Graves’ disease is the most common alemtuzumab-associated thyroid dysfunction (60%–70%). ⁷ There is a specific susceptibility to develop Graves’ disease. ⁹

In a phase 2 trial of patients with RRMS treated with alemtuzumab, positive antibodies were found in 84.7% of episodes of overt or subclinical hyperthyroidism. The presence of TRAb is usually specific for Graves’ syndrome, despite this can turn to Hashimoto’s thyroiditis and hypothyroidism and vice versa. The probability that an individual will develop TRAb positive and Graves’ disease depends on sex, human leukocyte antigen (HLA) genotype, and family history, ¹¹ and positivity to the TRAb indicates a probable relapse of the disease.

We reported here the case of a patient with RRMS who developed thyroid disease after treatment with alemtuzumab. The patient showed a phase of thyrotoxicosis with positive anti-TG and anti-TPO antibodies, but a negative TSH receptor antibody, followed by a spontaneous phase of hypothyroidism, and she achieved euthyroidism only after LT4 administration.
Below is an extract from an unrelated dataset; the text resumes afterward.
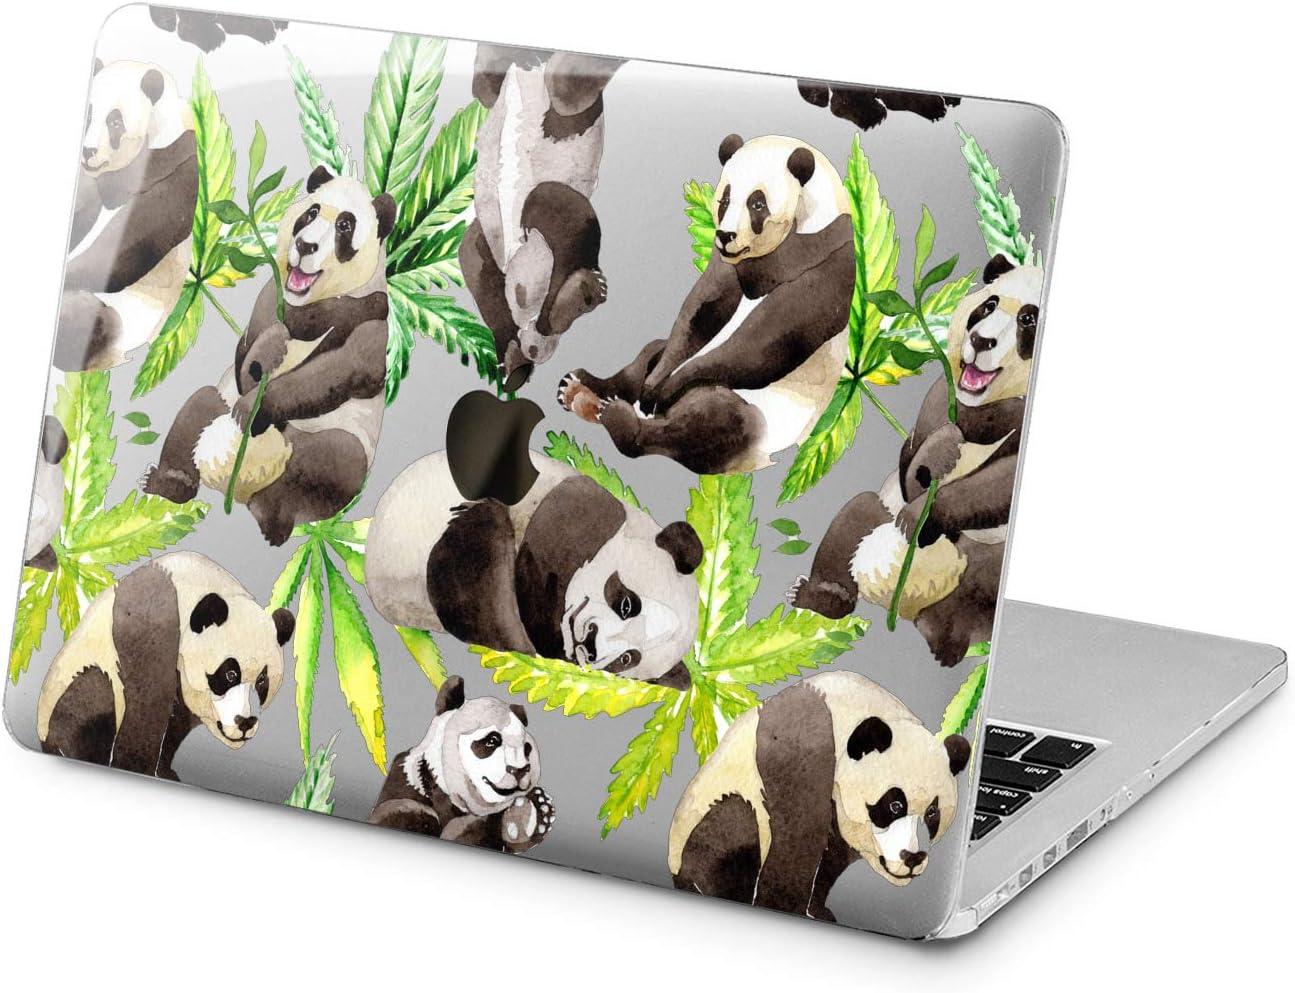 "Cavka Hard Shell Case for Apple MacBook Pro 13"" 2019 15"" 2018 Air 13"" 2020 Retina 2015 Mac 11"" Mac 12"" Protective Laptop Panda New Cover Plastic Leaves Green Bear Zoo Animal Design Print Bamboo Cute"

This case report aims to remember the hypothesis that although Graves’ disease is the most common thyroid autoimmune disease that develops during treatment with alemtuzumab, it must be considered that destructive thyroiditis with thyrotoxicosis may be found and that spontaneous remission of overt thyrotoxicosis may occur in some patients. Indeed, Daniels and colleagues have reported that this disease may be found in about 4% of the patients. ⁵ In our case, it is interesting to note the rapid spontaneous resolution of thyrotoxicosis to emphasize that the normalization of thyroid dysfunction can be achieved. In light of all these, we suggest pretreatment screening and continued follow-up for thyroid function and autoimmune assessment in patients with RRMS undergoing treatment with alemtuzumab.